Please write out only the lines from the one containing "blue wallpaper windows" through the last line of the listing. Do not include pictures.

---------- SUPPLIED DATA

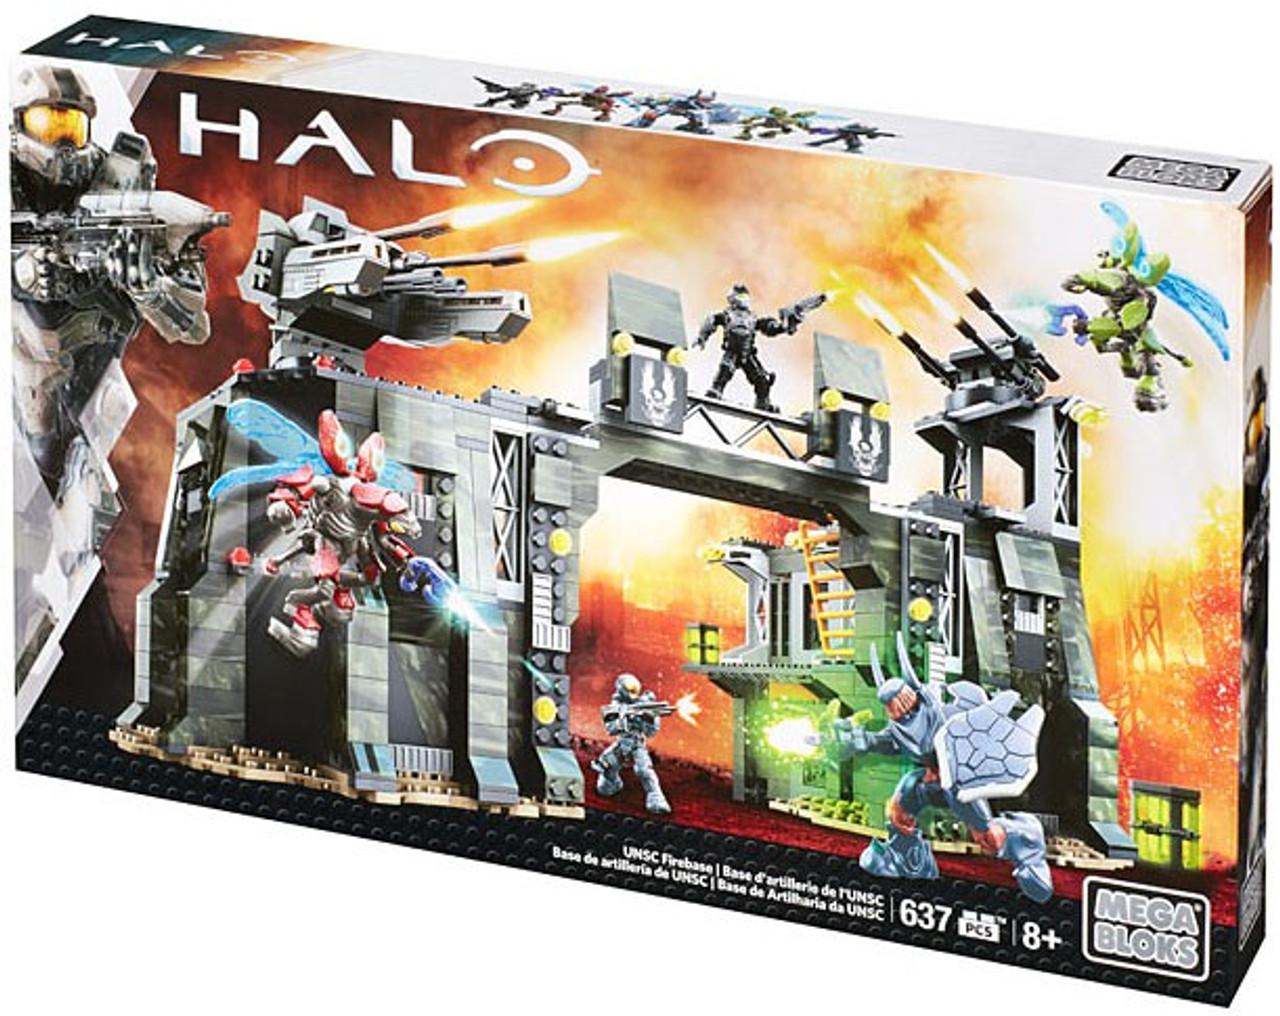 Mega Bloks Halo UNSC Firebase Set #38138
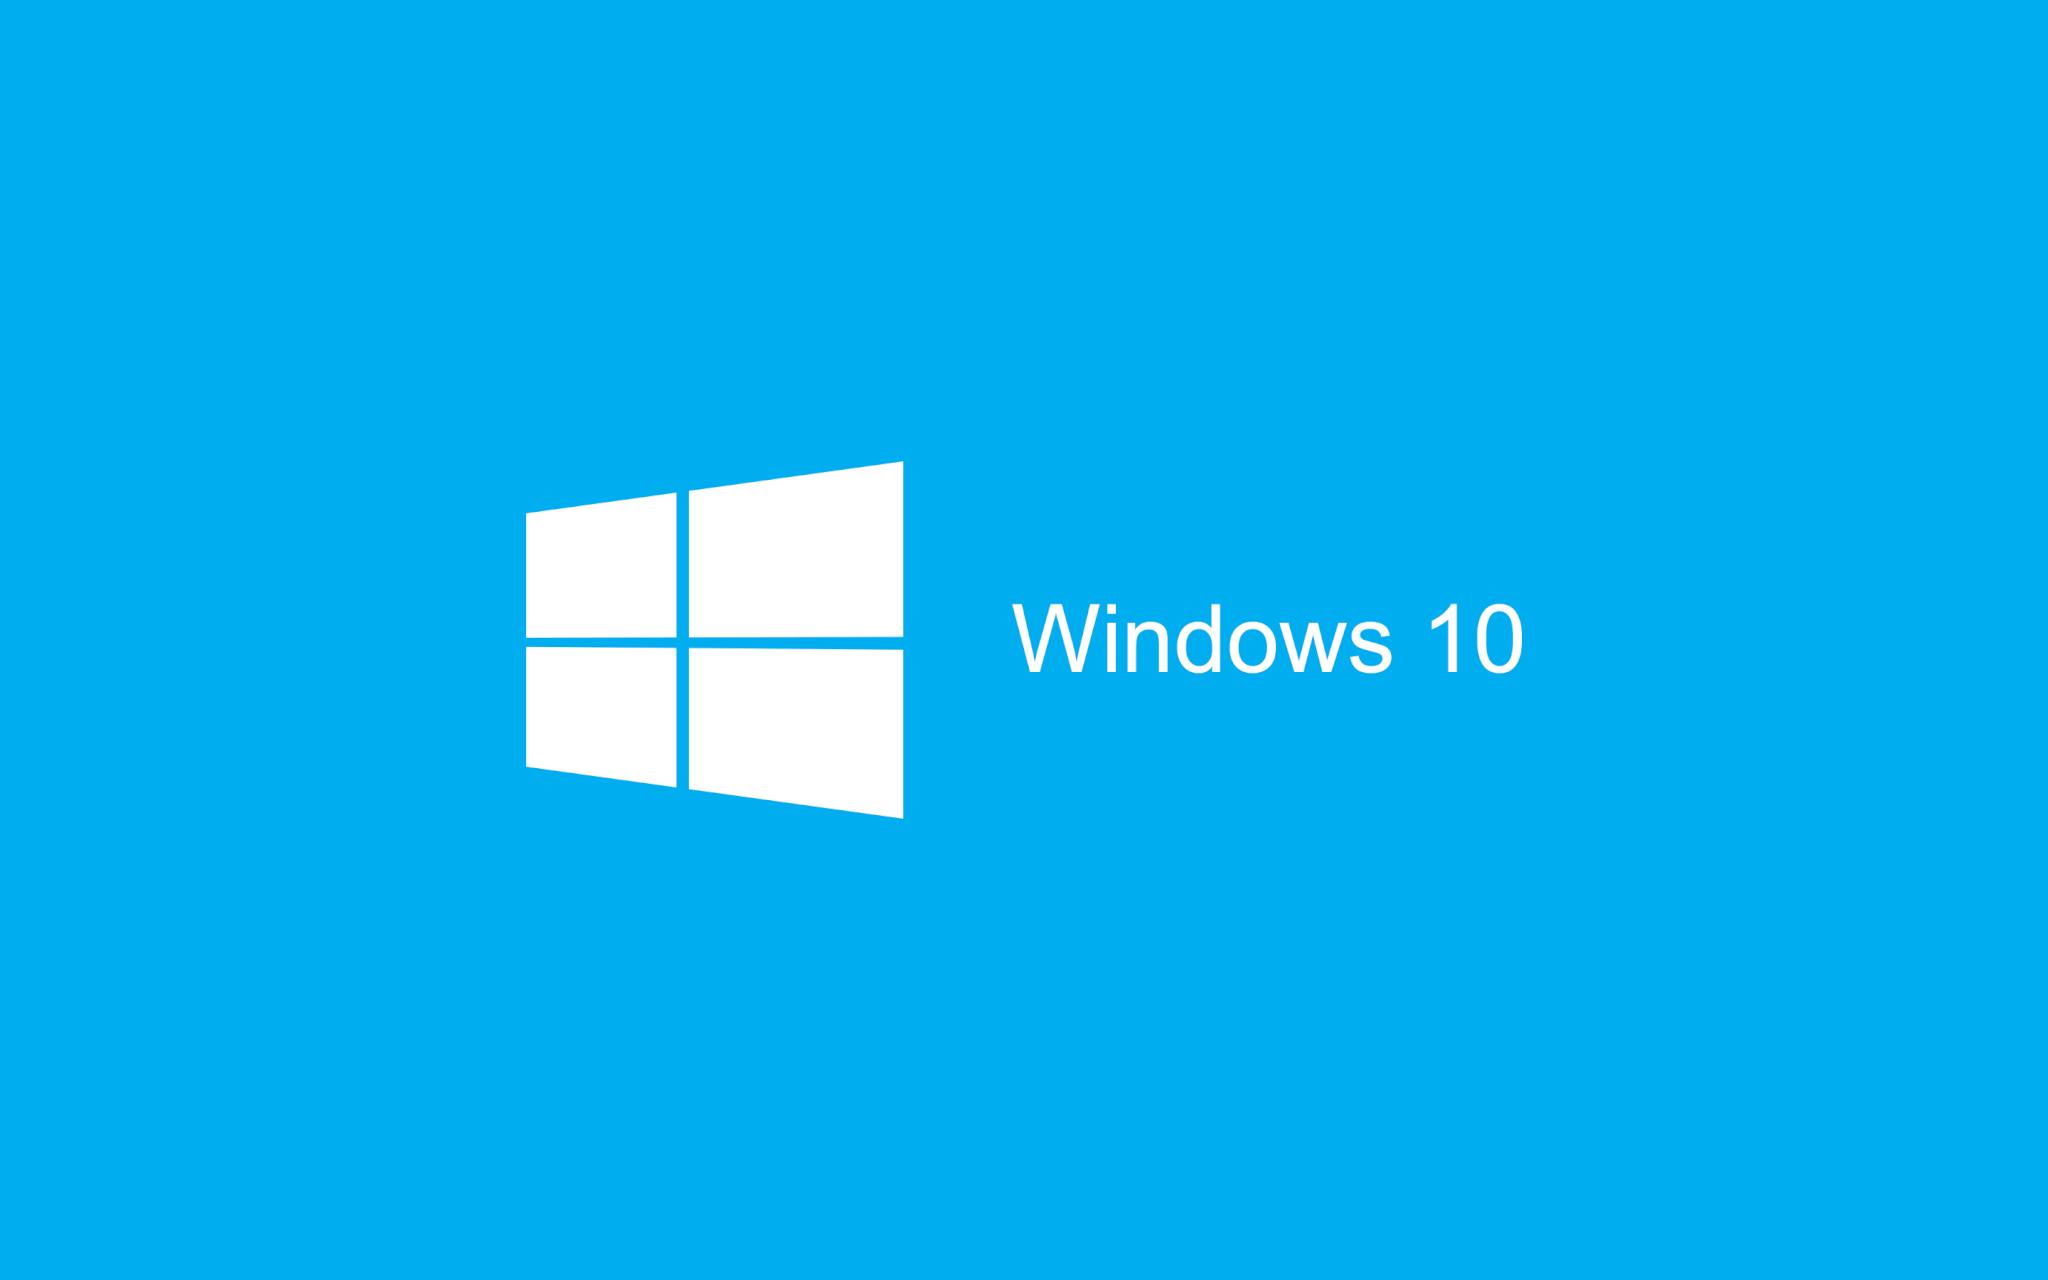 blue wallpaper windows 10 hd 2880x1800 - Windows 10 já tem data de lançamento
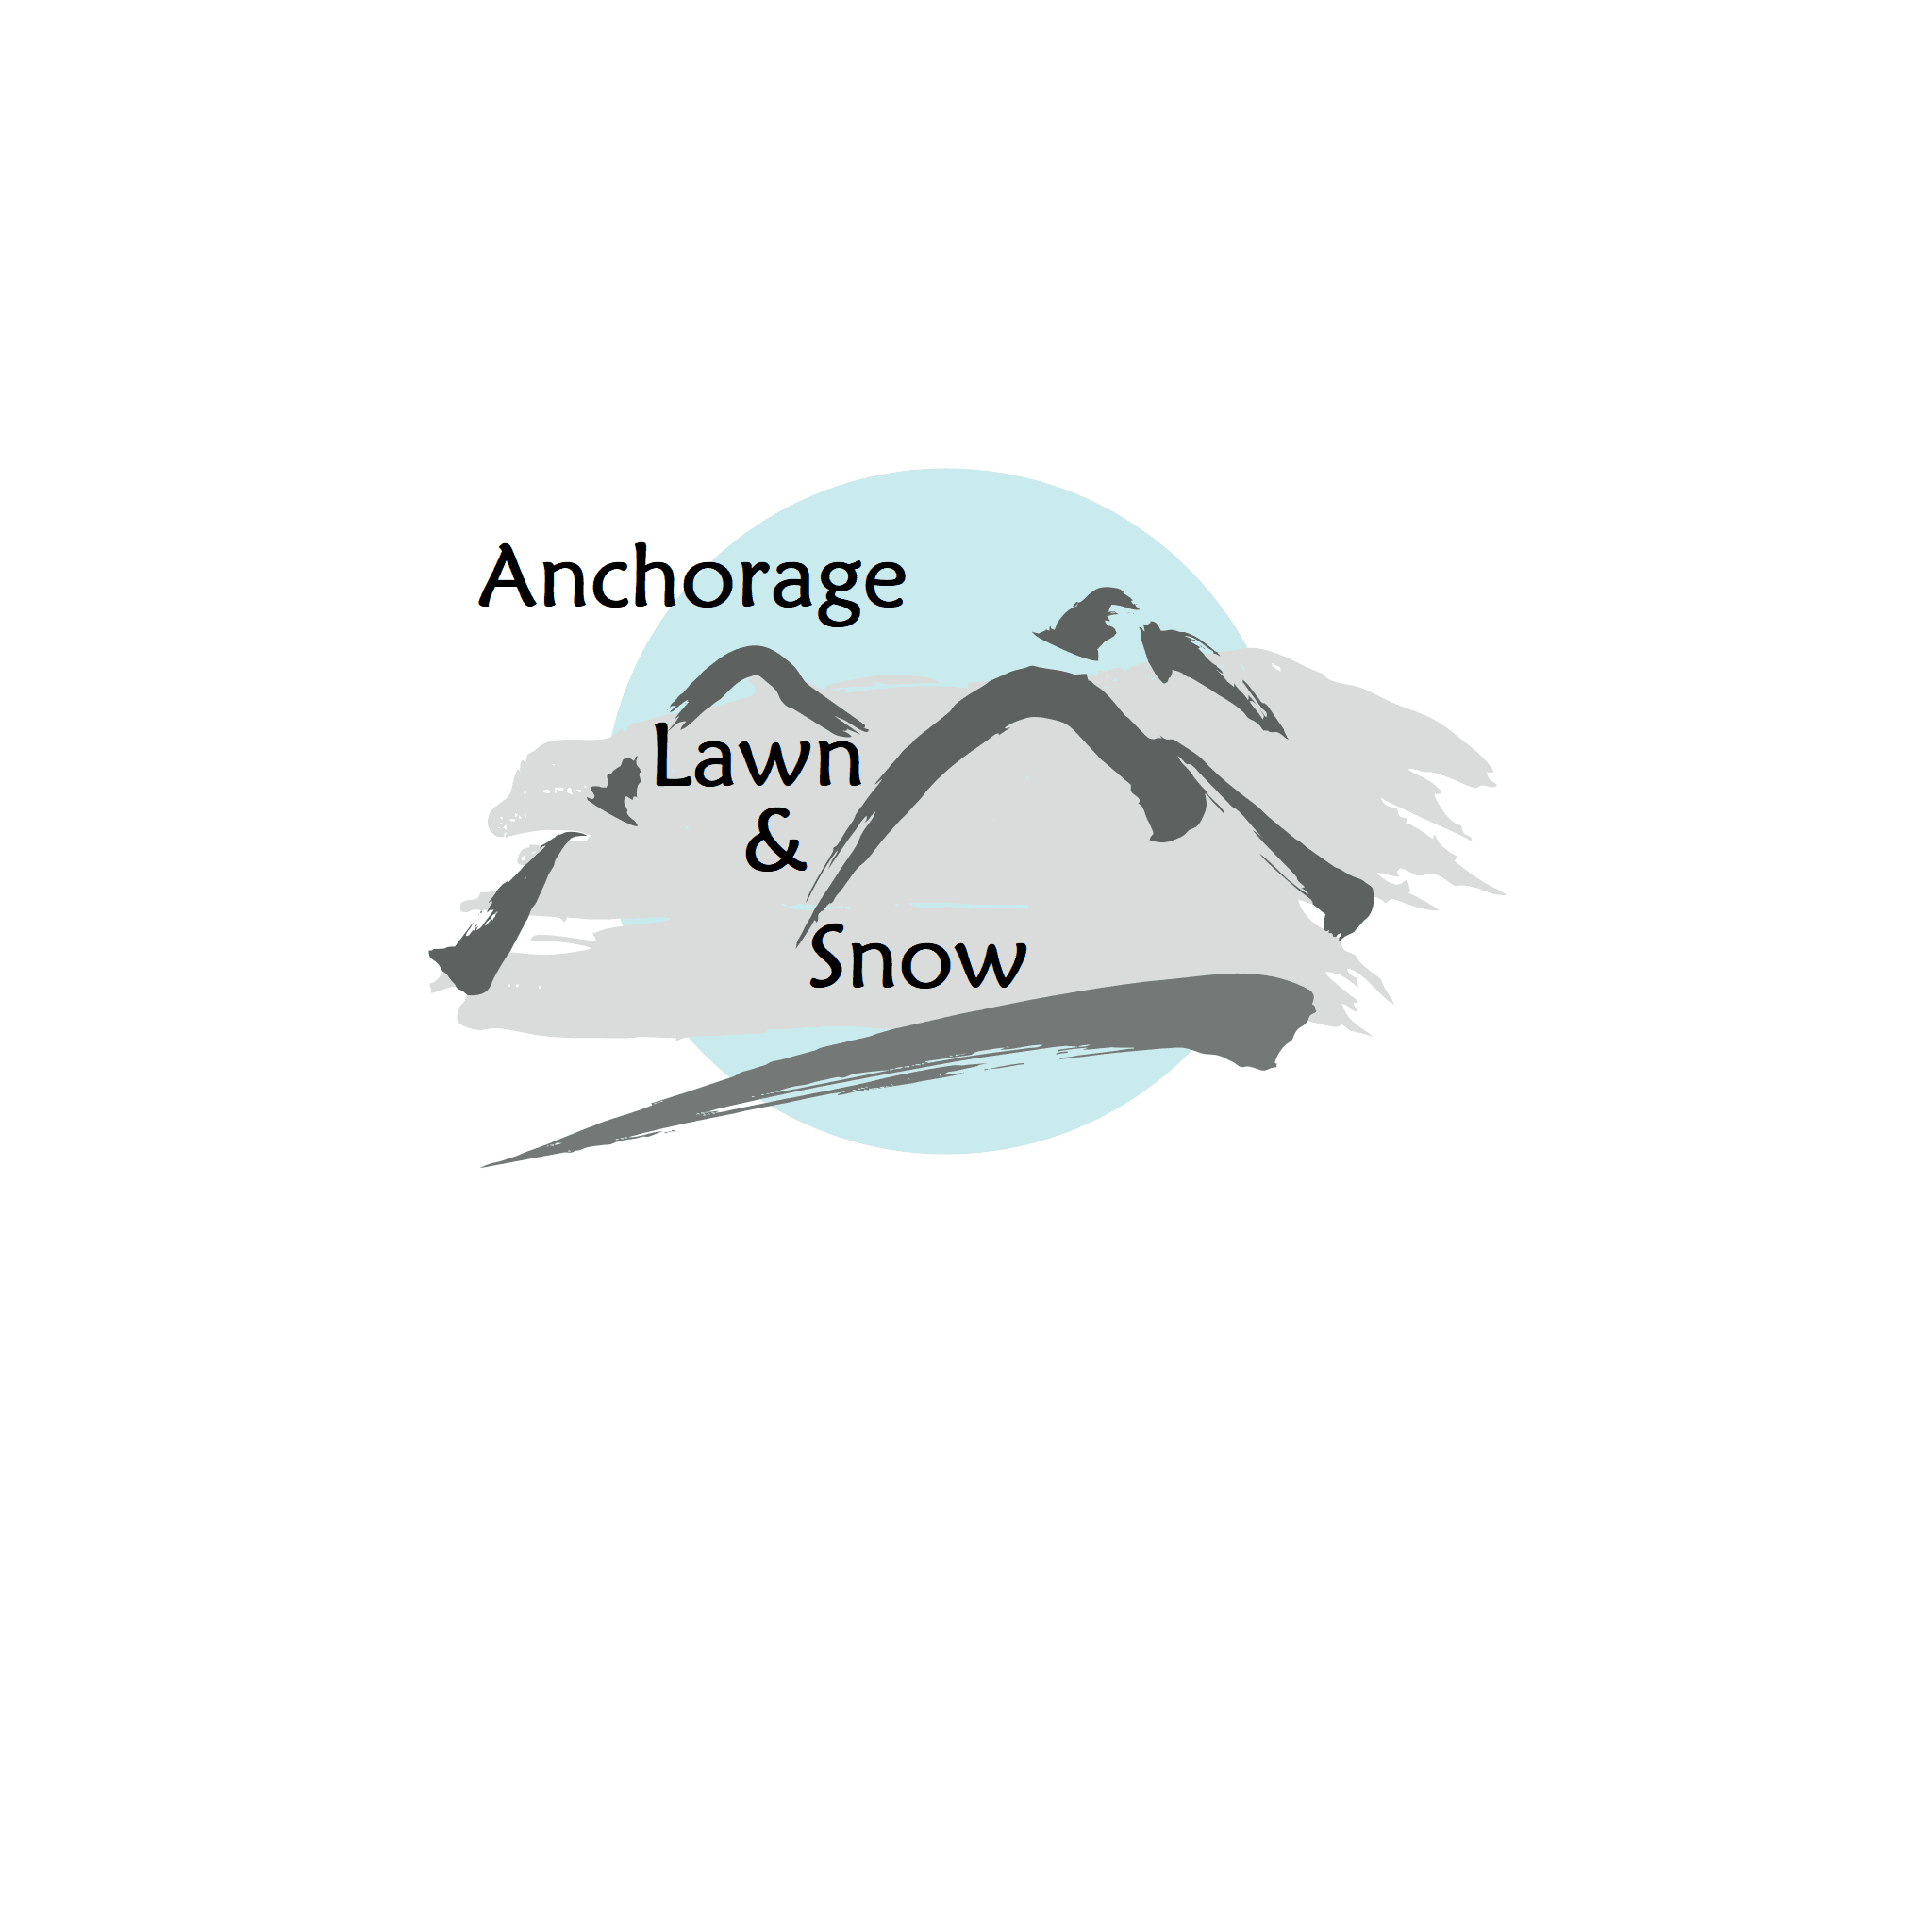 Anchorage Lawn & Snow Services

--------------------

*ANSWER BELOW:*
 blue wallpaper windows 10 hd 2880x1800 - Windows 10 já tem data de lançamento
 Anchorage Lawn & Snow Services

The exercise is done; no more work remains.